14. In his submissions Mr Tan relied on the Rule 24 response dated 14 June 2018 and the fact that the judge has the onus of deciding the age assessment point. He submitted there was an absence of evidence to support the Appellant's assertion that he was born on 29 July 2000. In respect of the documentation before the judge D1 contains the Immigration Officer's conclusion that the Appellant is over the age of 18. He submitted that there was not really anything put forward in rebuttal by the Appellant or his former representative and there was not much more the judge could be expected to do. He submitted that all the information in relation to social services is post-hearing and the judge cannot be faulted in relation to that. Whilst he acknowledged that the judge's observations at [15] to [17] were speculative and observations, he submitted at no point does the judge state that there must have been a Merton compliant age assessment. Mr Tan submitted that the judge went on to consider various factors as part of that assessment and in the absence of anything to bolster the Appellant's case in relation to his age it was open to the judge to come to the conclusion that he did. He submitted that even taking the Appellant's account of his age, the events he described were in 2016 at which stage he would have been 16 and so not a young child. Mr Tan submitted the judge had made detailed findings as to the Appellant's credibility which were not specifically challenged in the grounds of appeal.
15. In reply, Mr Holmes submitted that he was very surprised the appeal had been contested in the way it has. He submitted it was important to note that whilst the Appellant bears the burden of demonstrating his date of birth, in this particular the case the Respondent had asserted a positive alternative date of birth and in those circumstances the burden was on the Respondent to prove his assertion i.e. that the Appellant is six years older than he claimed to be. He reminded the Upper Tribunal that the issue of age is a precedent fact and cannot fairly be determined simply on the basis of what is contained in the letter at D1. Mr Holmes refuted the assertion that all the evidence of age was post-hearing given that the Appellant clearly told the judge that he had been in contact with social services yet the judge records in his conclusions that he had no evidence of this.
Findings
16. I find a material error of law in the decision of First-tier Tribunal Judge Shergill in his approach to the issue of the Appellant's age. I find for the reasons set out in the grounds of appeal, in particular that the judge's findings, which are extensive at [15] through to [26] are largely based on speculation and the judge's perception of what or would not be plausible. The judge records at [19] that the Appellant stated that social services had been to see him and his age would be assessed yet the judge rejected that evidence without giving proper or adequate reasons for so doing, apart from his own assumption that a Merton compliant age assessment had already been carried out.

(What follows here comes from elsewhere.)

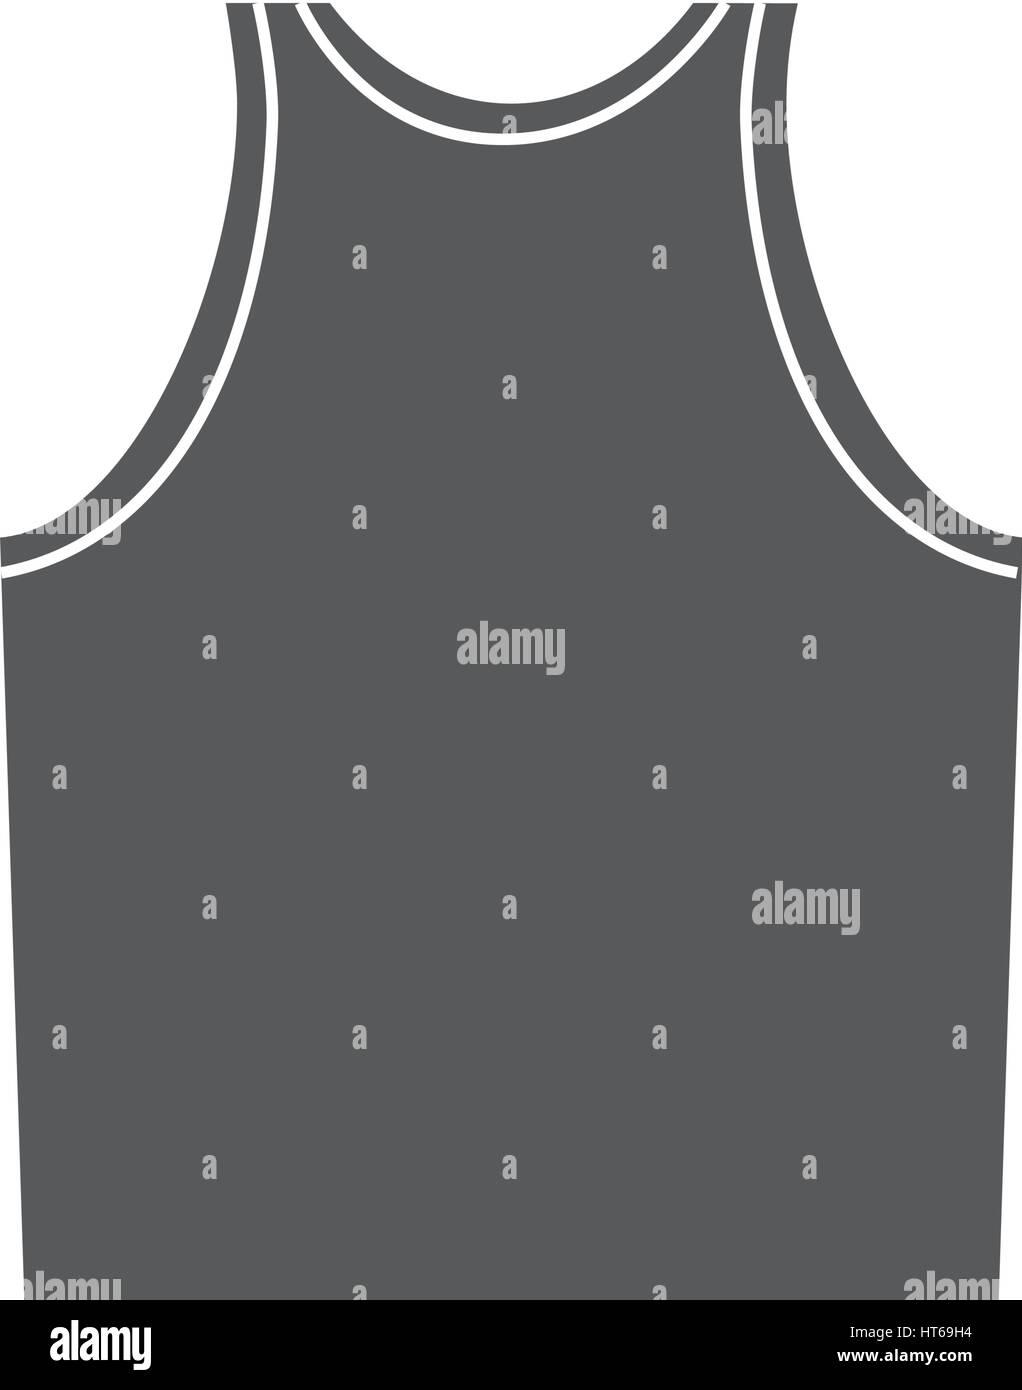 Sleeveless Shirt Stock Vector Images - Alamy 36302ed31

17. In light of the fact that the judge is dealing with a disputed minor who was unrepresented, more in my opinion was required in order for the Appellant to have a fair hearing.
18. I set the decision of the First-tier Tribunal Judge aside and remit the appeal for a hearing de novo before the First-tier Tribunal.
DIRECTIONS
(1) The appeal should be listed for three hours.
(2) A Kurdish Sorani interpreter will be required.
Direction Regarding Anonymity - Rule 14 of the Tribunal Procedure (Upper Tribunal) Rules 2008
Unless and until a Tribunal or court directs otherwise, the Appellant is granted anonymity. No report of these proceedings shall directly or indirectly identify him or any member of their family. This direction applies both to the Appellant and to the Respondent. Failure to comply with this direction could lead to contempt of court proceedings.